The Missing Link? -- Sound Capture with Hardware

Okay guys. We’ve been avoiding it. But what if we consider this as an option? Realistically, what does it take? I’m pretty sure you can’t just buy the sound capture hardware as a ‘module’ and slap it on.

The questions in my mind are:

  • what is the cost
  • are the parts easily purchased
  • how delicate is the calibration and setup process (will it stand up to stress and use without constant maintenance)



Are you talking optical soundtracks?

For variable width optical soundtracks you need a ‘slit’ light-source, a photocel and an amp.
The calibration is quite necessary, but the circuitry is simple.
The soundtack varies within a fixed width, the lightsource is a very thin line, so it results in the photocell receiving an amount of light proportional to the width of that section of the soundtrack. It is very simple really.

The difficulty is in the calibration, the speed has to be constant, the slit perfectly focused and aligned to the soundtrack, i.e. the line has to fall horizontally across the soundtrack, and even a slight angle will cause the sound to be inferior.
If you can’t lock the speed to great enough precision, then you could potentially create a ‘click track’ by detecting the sprocket holes, and use a digital algorithm to adjust the sound later.

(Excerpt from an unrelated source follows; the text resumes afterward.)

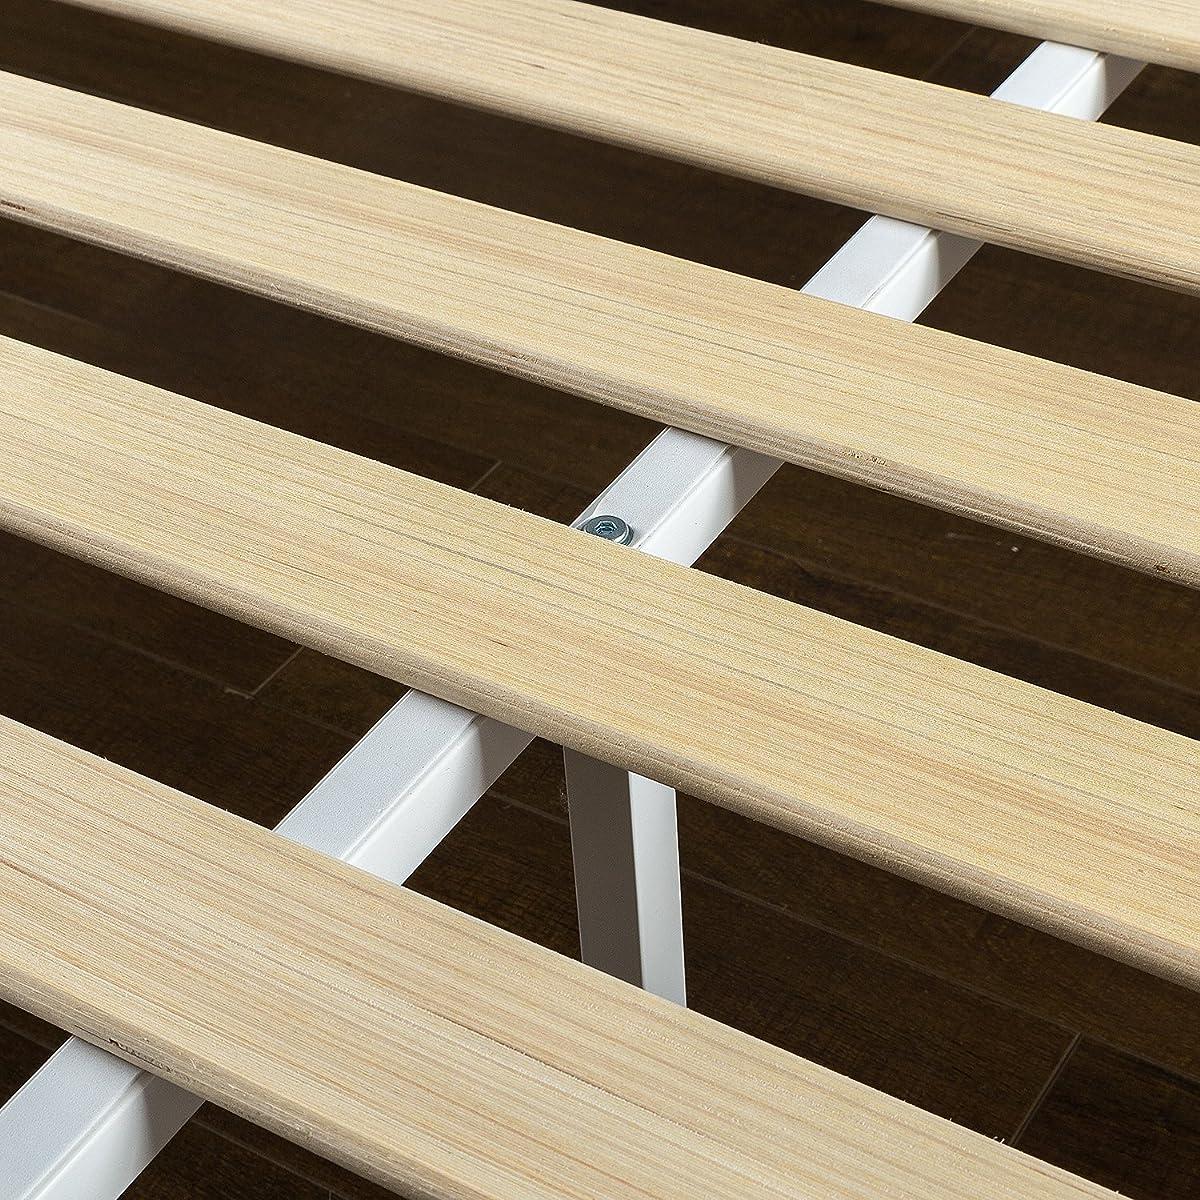 Zinus Deluxe Wood Platform Bed with Slatted Headboard / No Box Spring Needed / Wood Slat Support, Queen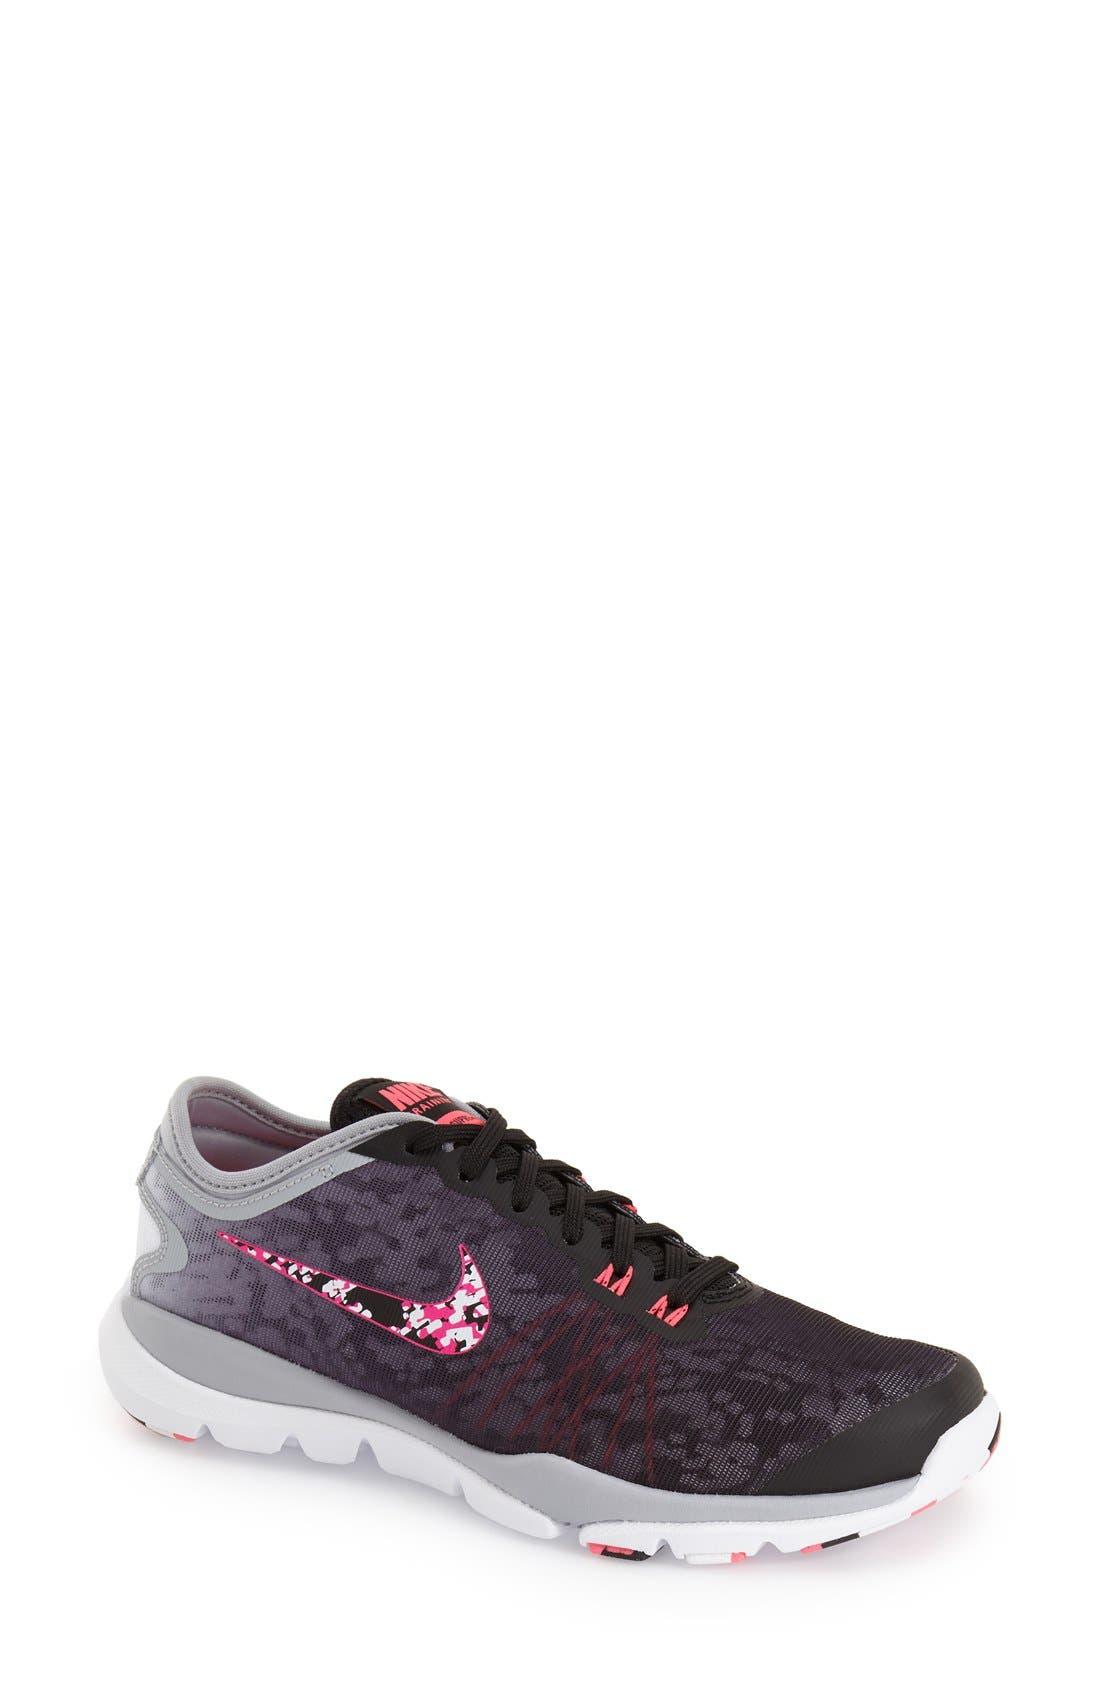 Alternate Image 1 Selected - Nike 'Flex Supreme' Training Shoe (Women)

For 35mm you certainly can just buy modules, but for small guage film, probably not.

@Peter that’s very helpful. I actually have a silt somewhere (I think) I could test with. I’ll add it to the (long) list.

Do you have a link to the purchasable modules?


On other thing to keep in mind, is that obviously you can’t use a 50Hz or 60Hz driven light source, as the flicker would be picked up as a 100Hz or 120Hz ‘tone’, so you need either a ‘constant’ light source, or one that flickers at superaudible frequencies. Also of course, the sound is offest by a fixed number of frames to the images on the film, depending on the film guage, so that offset needs to be taken into account if you wish to capture the vision and sound at the same time and have it synched.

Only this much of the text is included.